At a deeper level, I’ve worked on Eureqa for so long and become so familiar with it that there are analogies with close personal relationships and all the frustration they can sometimes throw up. You can spend a lot of time building and nurturing an algorithm. But the crazy thing about developing new genetic algorithms is that you give them an objective function (e.g., the highest accuracy with the lowest complexity), and they’ll find the most creative ways of doing that. You let them loose and they achieve their goal, but in exactly the opposite way that you hoped they would. A lot of experimentation goes into defining the right rewards and operations within these algorithms to encode what it is that you really want, like now encoded in Eureqa.

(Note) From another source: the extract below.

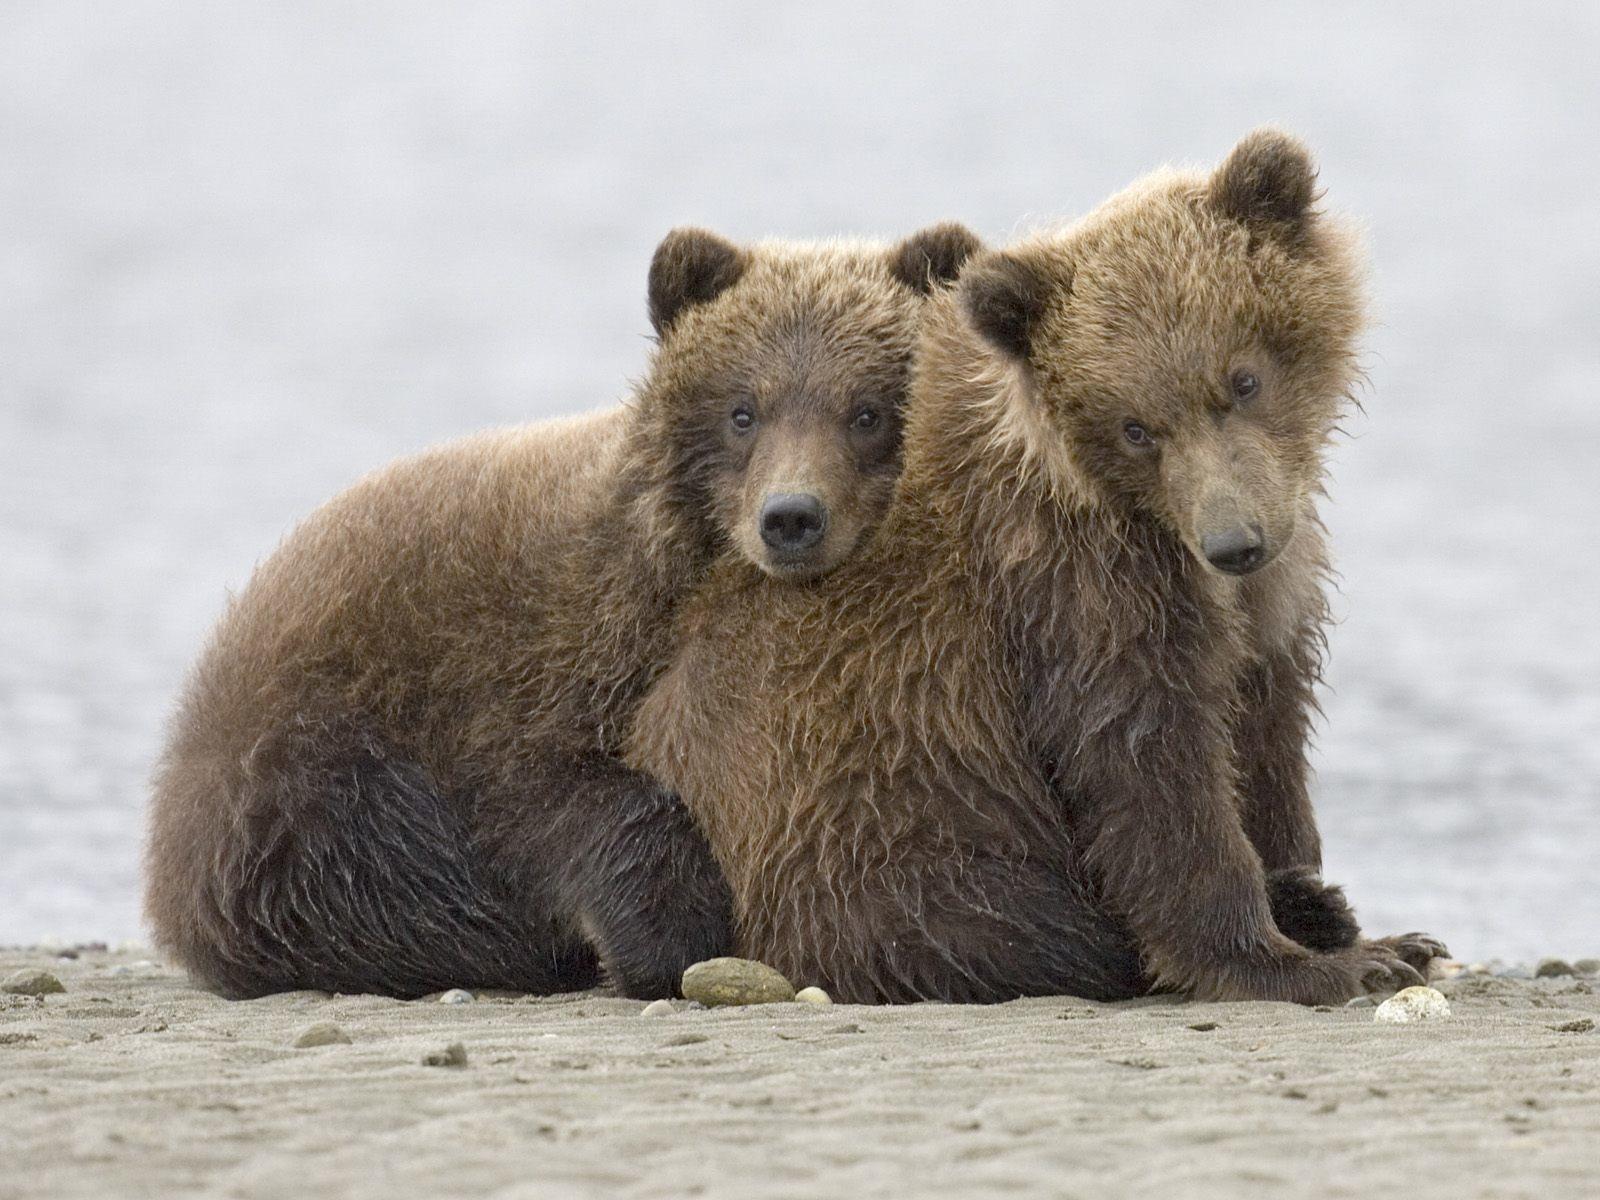 Cute Baby Bears Wallpaper 26 Fondos De Pantalla Del Oso Pardo Wallpapers De Osos En Hd
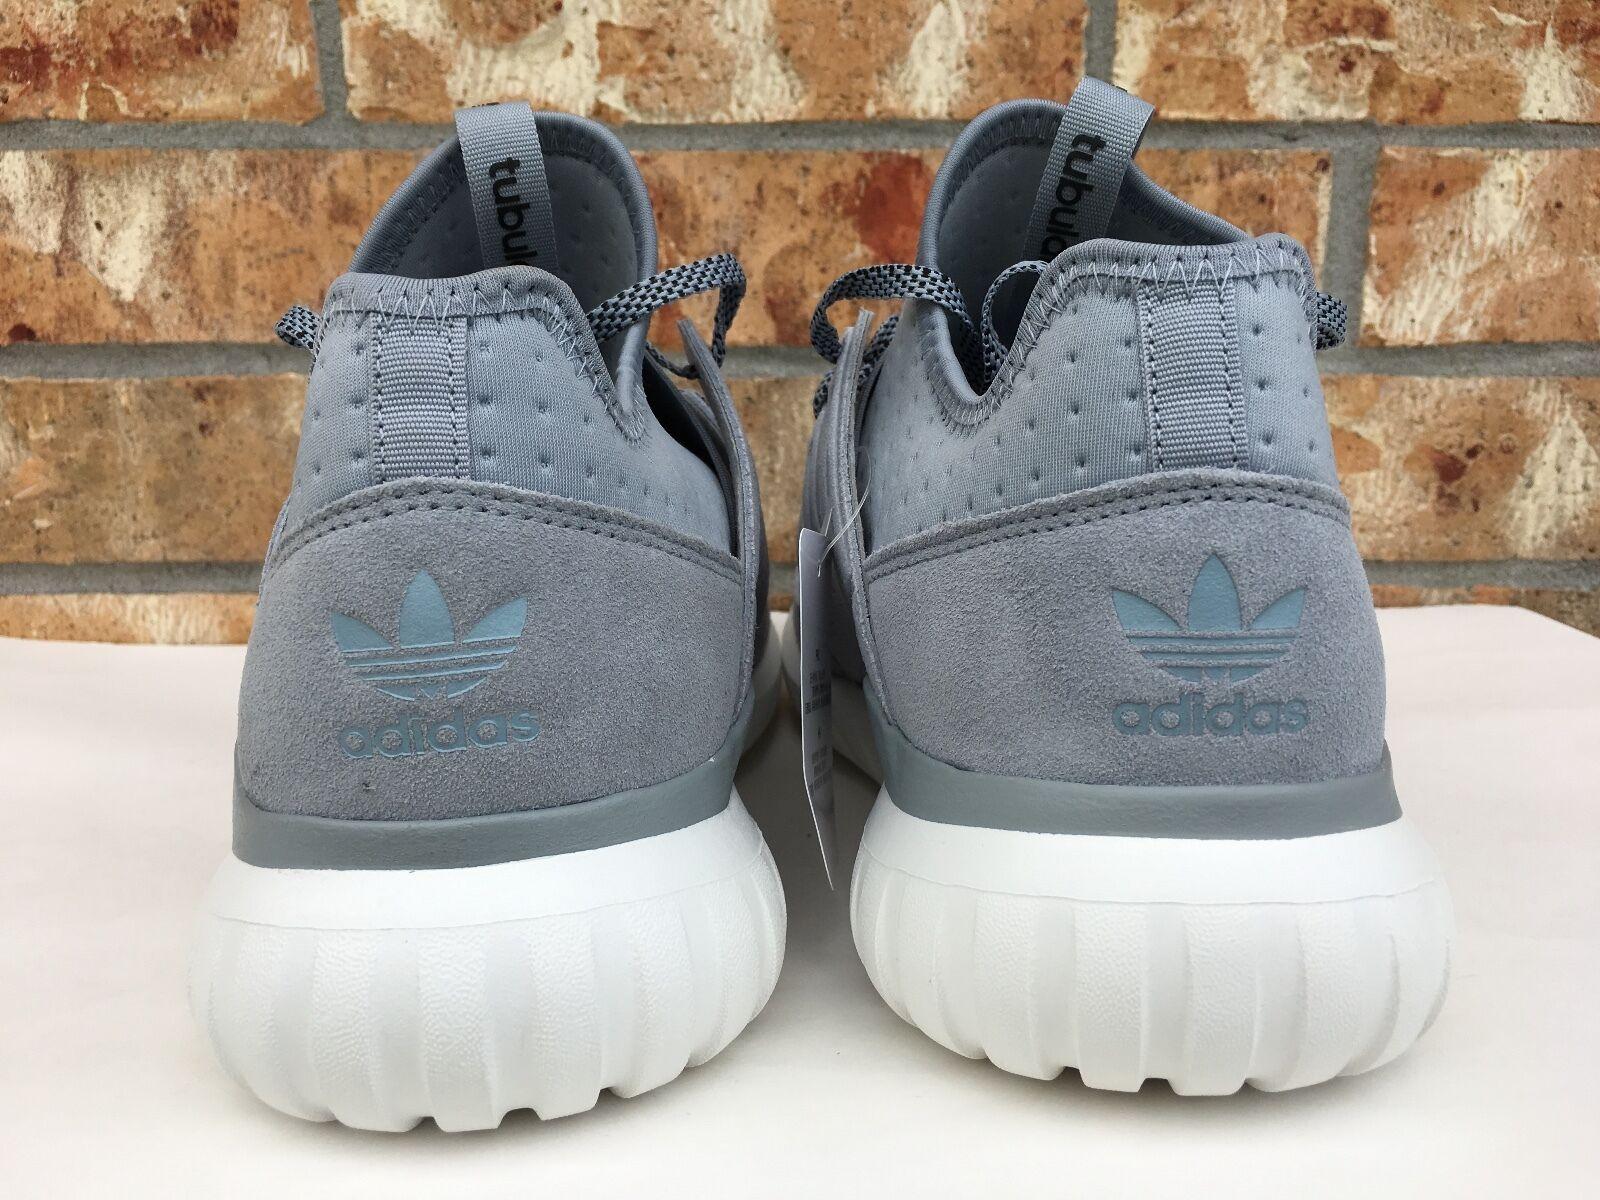 Gli uomini  adidas tubulare tubulare adidas radiale grigio chiaro nucleo nero vintage white sz 9.5-13 s80112 1b7673

It’s a constant fight to adequately communicate your goals to the algorithm, which I think forces us to also confront how the way we articulate our requirements – to both machines and people – is often loaded with assumptions about context.
For me, that was an illuminating experience, and it’s one that’s inherent to most machine learning endeavors. You’re going to learn a lot about what your objectives really are when developing and refining algorithms. I know I did.